- The data -
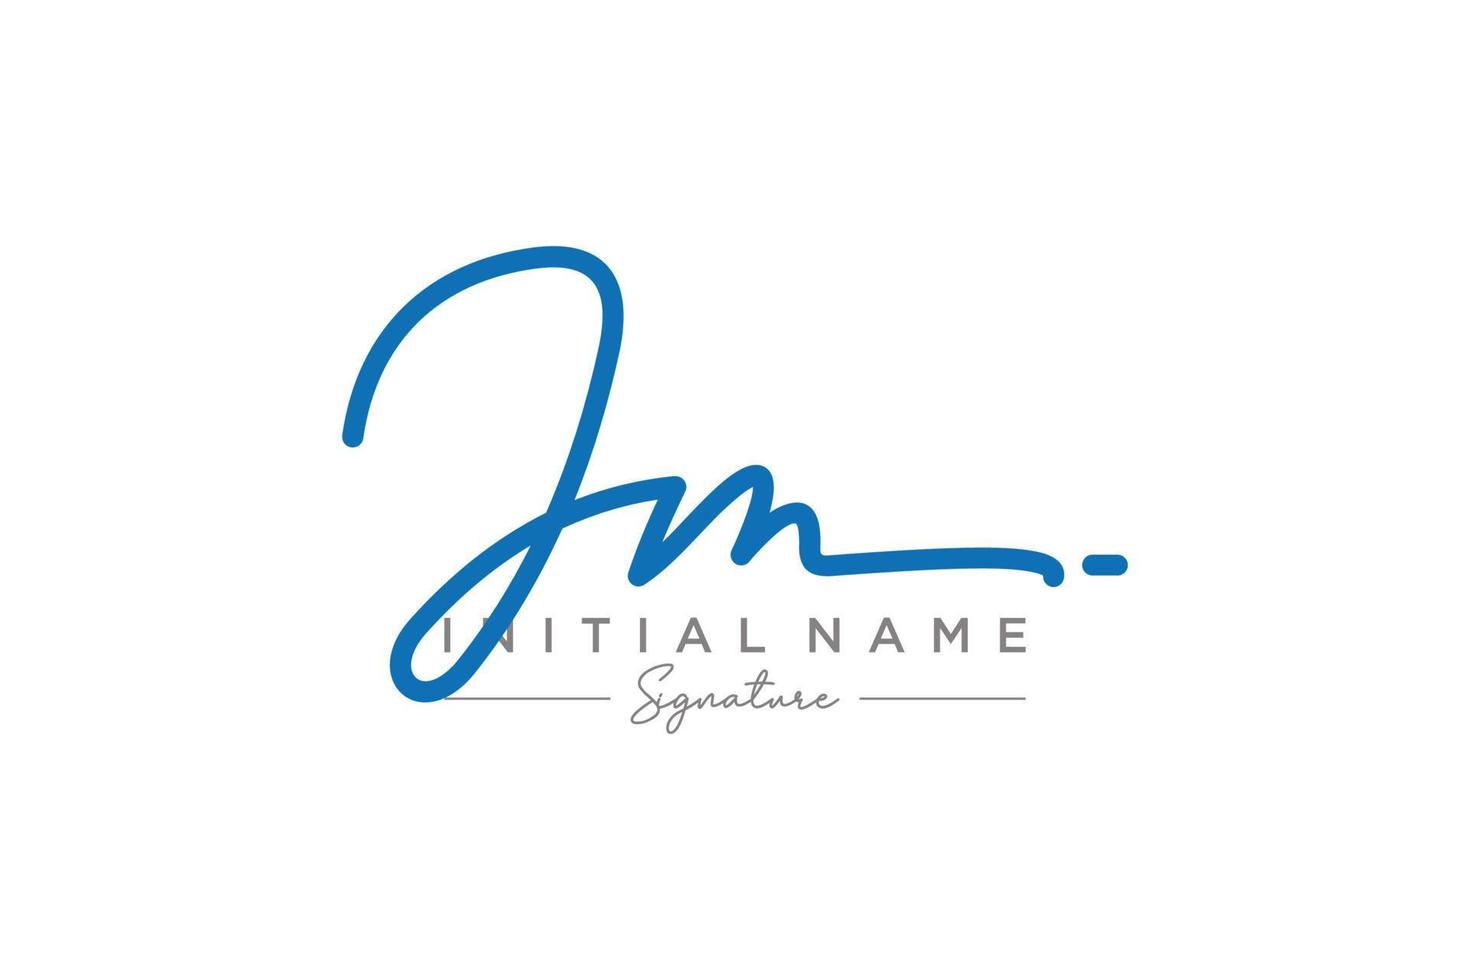 vector de plantilla de logotipo de firma jm inicial. ilustración de vector de letras de caligrafía dibujada a mano.
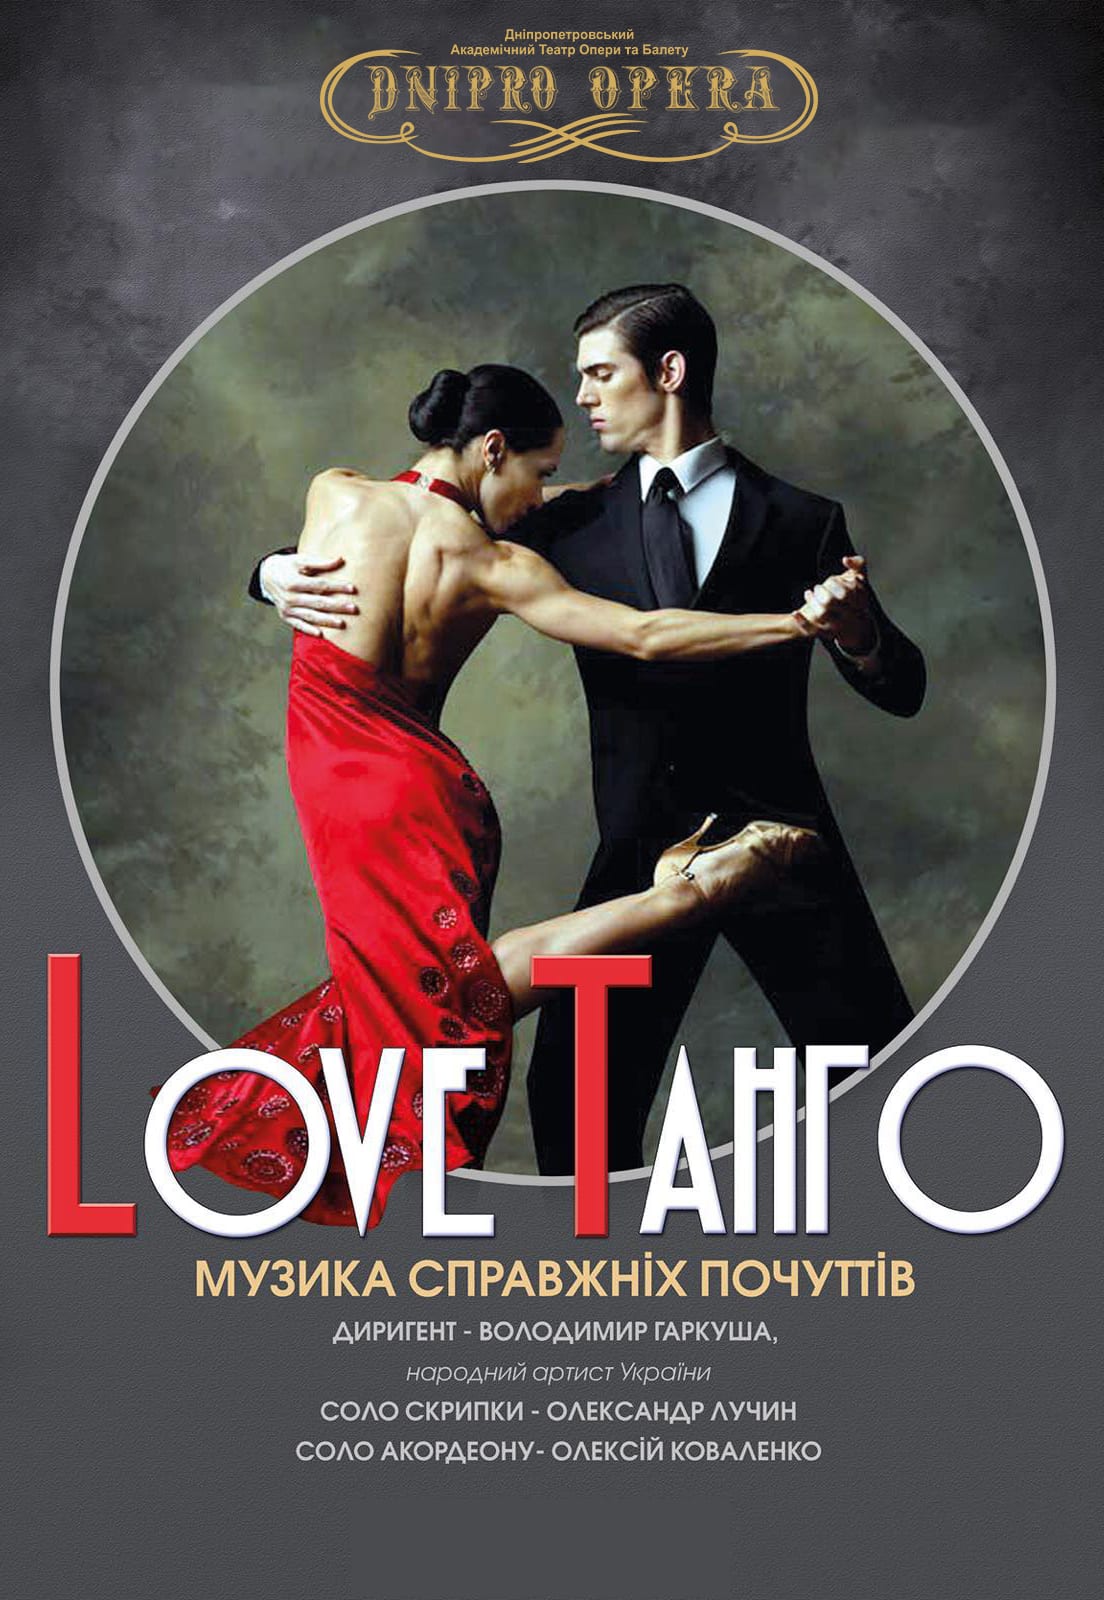 Love Танго Днепр, 29.01.2021, цена, расписание, купить билеты. Афиша Днепра
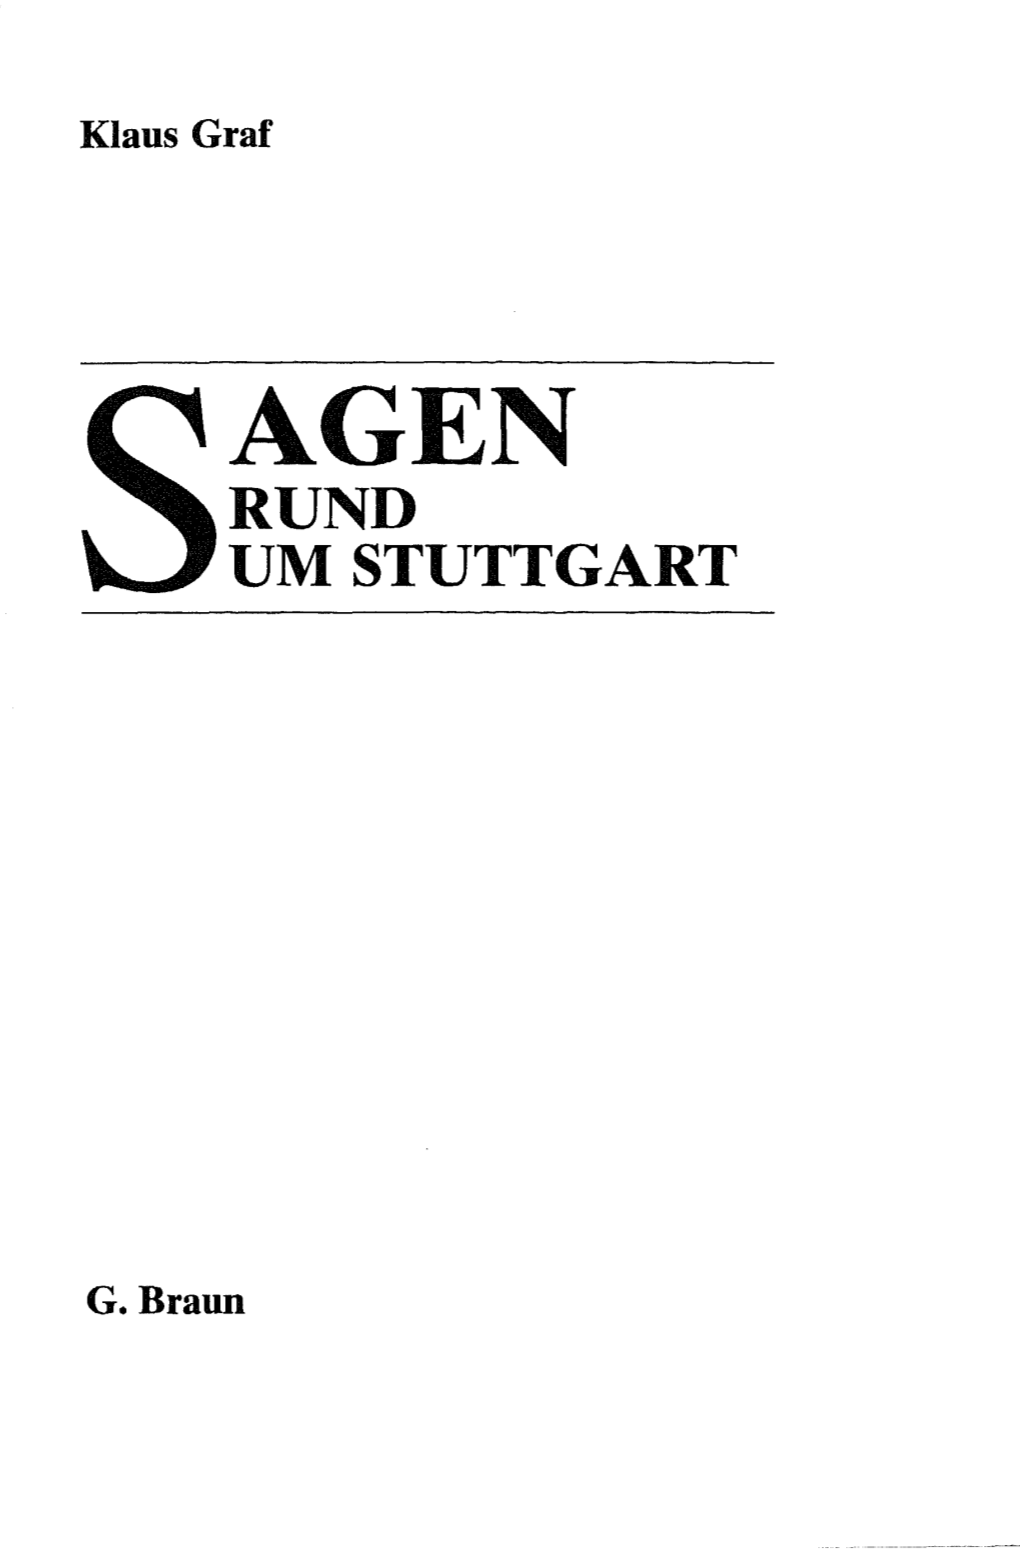 Agen Rund Um Stuttgart

- Task prompt -
Excluding the images, copy all of the material above verbatim.

- Solution to the problem -
 vector de plantilla de logotipo de firma jm inicial. ilustración de vector de letras de caligrafía dibujada a mano.
 Love Танго Днепр, 29.01.2021, цена, расписание, купить билеты. Афиша Днепра
 Agen Rund Um Stuttgart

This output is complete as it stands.